Could the GM role become commonplace in women’s basketball as a result?
“Yes, it will,” Staley responded when asked by Front Office Sports. “It’s necessary. I don’t know if we’ll call it GM, but it will be some of the duties of a GM. It’s a lot of money in the space. … We need somebody singularly focused on that movement and ways in which we need to navigate in that space, so that if we’re here at a Final Four, the GM can be taking care of some of the stuff that we have to take on now.”
Having extra bodies on staff is one remedy to the issue, Staley said, but that costs the program more money—extra money the athletic department might not have. South Carolina is the rare school that spends more on women’s basketball than men’s, spending $11.5 million on Staley’s program in the 2024 fiscal year compared to $9.8 million for the men. The women ran a deficit of about $5.7 million last year, compared to the men, who turned a profit of $3.4 million, according to the Greenville News. (The revenue gap is almost entirely attributable to the difference in the men’s and women’s media-rights deals.)
A small handful of programs, including USC and North Carolina, have women’s-only general managers, but the role’s adoption has been more widespread on the men’s side. A few programs, like Villanova, have hired GMs responsible for both men and women.
A number of men’s programs have hired wealthy NBA alumni in assistant GM roles—hires that usually come with a healthy donation. Steph Curry’s assistant GM job at Davidson—for men and women—came with an “eight-figure” fund, while Trae Young’s Oklahoma gig was paired with $1 million to spend on players.

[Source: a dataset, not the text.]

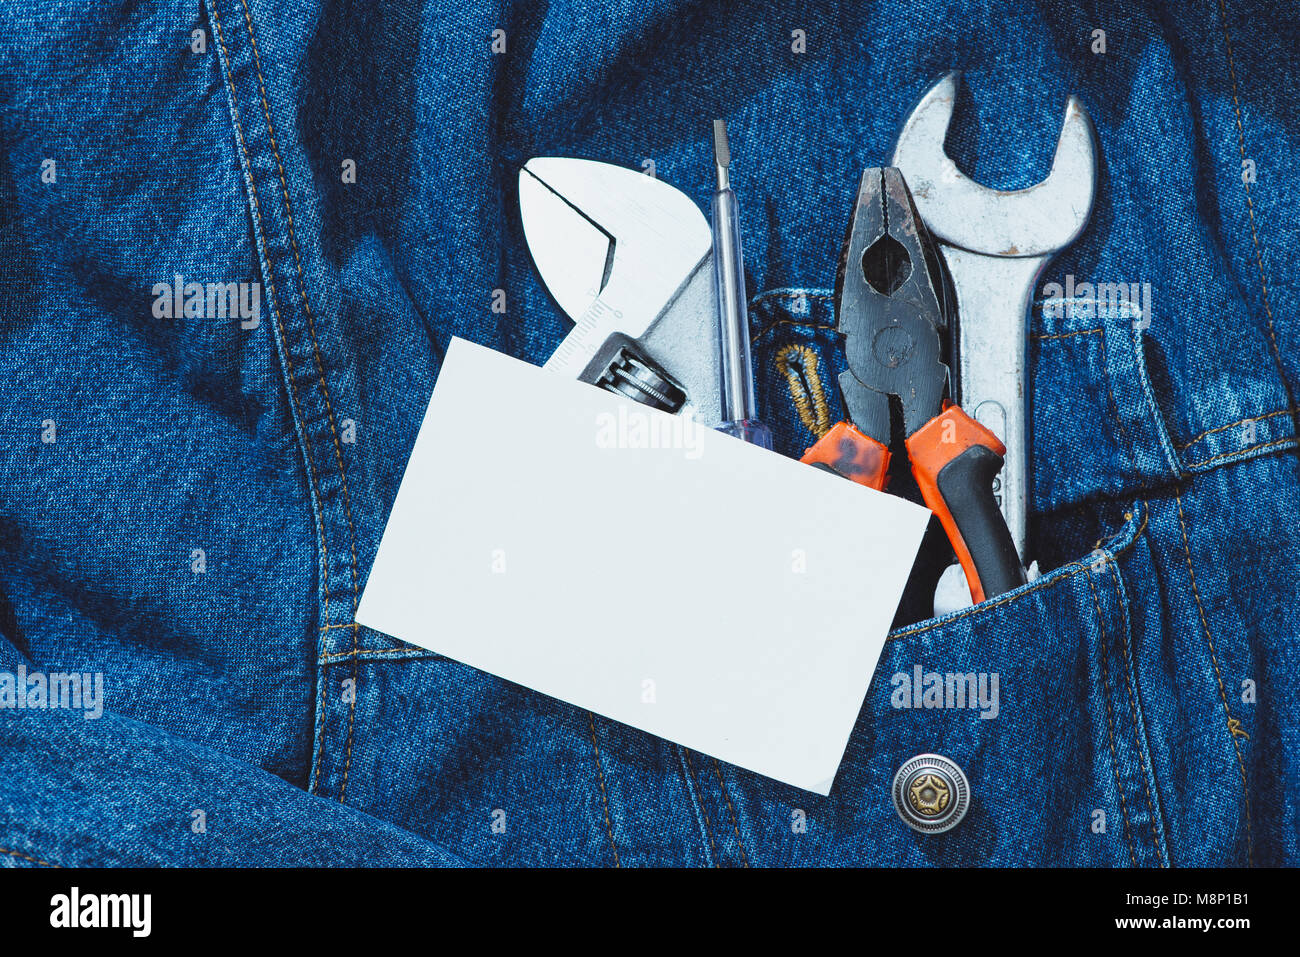 Jeans, réparer l'équipement et de nombreux outils pratiques. Top View with copy space Banque D'Images

In the meantime, players like South Carolina guard Raven Johnson—who said she’s received a number of texts from peers looking to transfer—are comfortable playing the role of recruiter. She said none of it has distracted from the team’s main goal of returning to the title game Sunday. Still, that hasn’t stopped portal players from getting a word in.
“It’s actually, ‘Good luck! What do you think about this, that, and the third?’” Johnson said to describe some of the texts she’s received from players in the portal over the last 10 days.
Portal Speeds Up Carousel
“There’s two sides to this,” UCLA coach Cori Close said Thursday. “One is what is best for the student-athletes and what is best for our game. The part that concerned me a little bit about the game part is how quickly athletic departments were trying to fill coaching positions so that they had people in place during the transfer portal opening.”
Close considers her program “fortunate” because she doesn’t anticipate having much space on her roster to fill. Naismith Defensive Player of the Year Lauren Betts will return to UCLA for her senior season despite being draft eligible and a top WNBA prospect as a junior.
While Close does have a roster full of returners, she has still had to field calls about the transfer portal in the midst of the program’s first Final Four run.
“‘Are they interested in jobs?’” Close said she’s been asked repeatedly about her staff.
Last year, the portal opened the day after Selection Sunday. In October, the NCAA’s Division I council approved shrinking the 45-day window to just 30 days. For women’s basketball, the window opened March 24 and will close April 23.
Ten days into the portal being open nearly 1,800 players had entered, according to CBS Sports. One of them is Notre Dame guard Olivia Miles, who had been projected as a possible top-three pick in this month’s WNBA draft.